82.07 g/mol * 0.150 mol/L * 0.100 L = 1.23 g in 100 mL of water will give a 150 mM solution
You can use the density of sulfurous acid to calculate the volume instead:
1.23 g / 1.02 g/mL = 1.21 mL in 100 mL of water will give a 150 mM solution
You can repeat this for the two solids, but omit the density step (they aren't liquids).
The pH calculation:
- For sulfurous acid, there is a value called pKa.
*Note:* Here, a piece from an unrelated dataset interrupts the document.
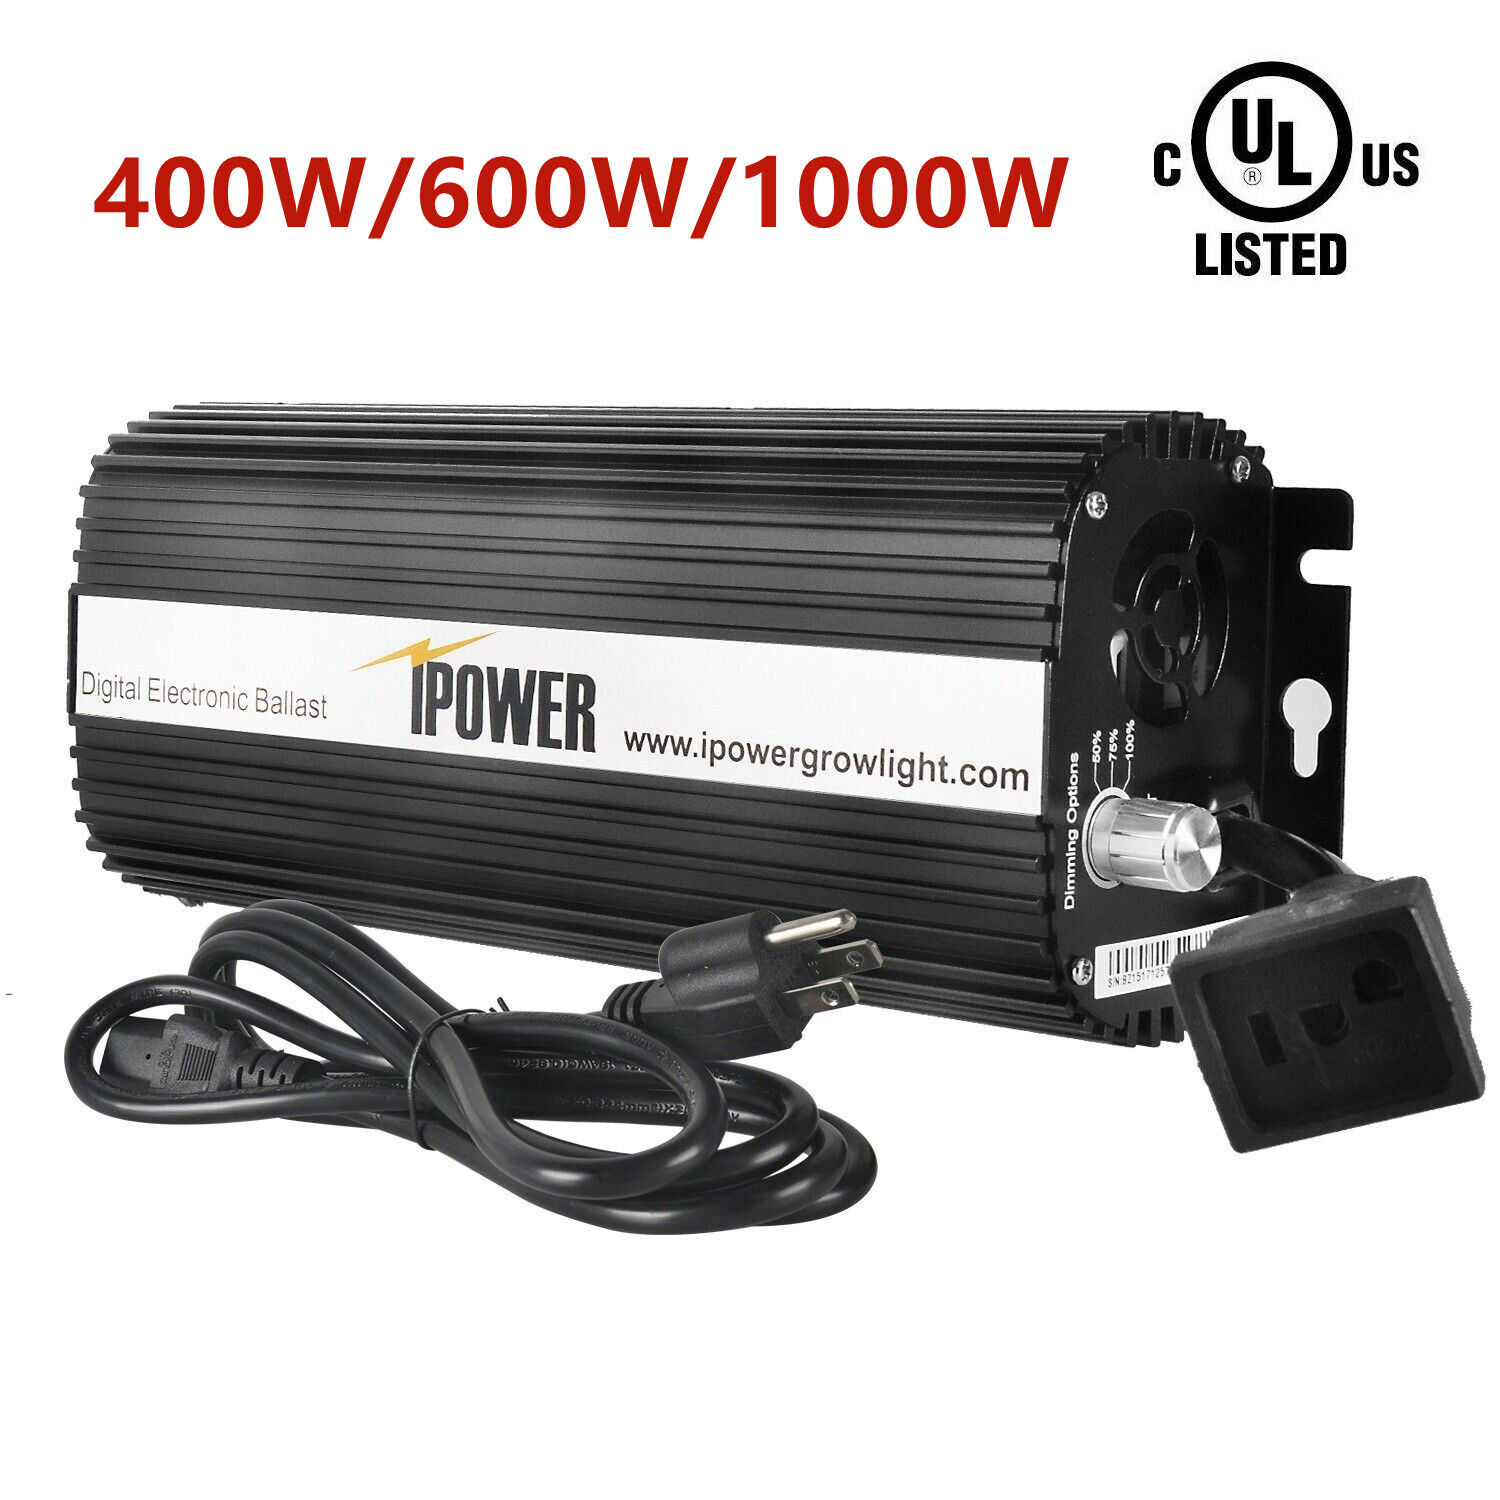 iPower Horticulture Dimmable Digital Ballast Electronic for Grow Light HPS MH

Sulfurous acid has a pKa of 1.89 that is also related to the equilibrium constant, K. We can use this K value to calculate the pH.
H2SO3 + H2O <-> HSO3- + H3O+ where the equilibrium constant is K = 1.54x10^-2 (this is a reference number you can get from your book or google)
- K = [HSO3-][H3O+]/[H2SO3] We can ignore water because it is present in such large quantities.
- 1.54x10^-2 = x^2/0.150-x Here is where the ICE table came in!!! we can ignore -x when it is TINY. Remember your molarity is 150 mM or 0.150 M
- Solving for x gives us [H3O+] = 4.8x10^-2
- You can find pH = -log[H3O+] = 1.32
The problem is similar for each compound but K is different for different compounds and the molarity changes. Happy to clarify more!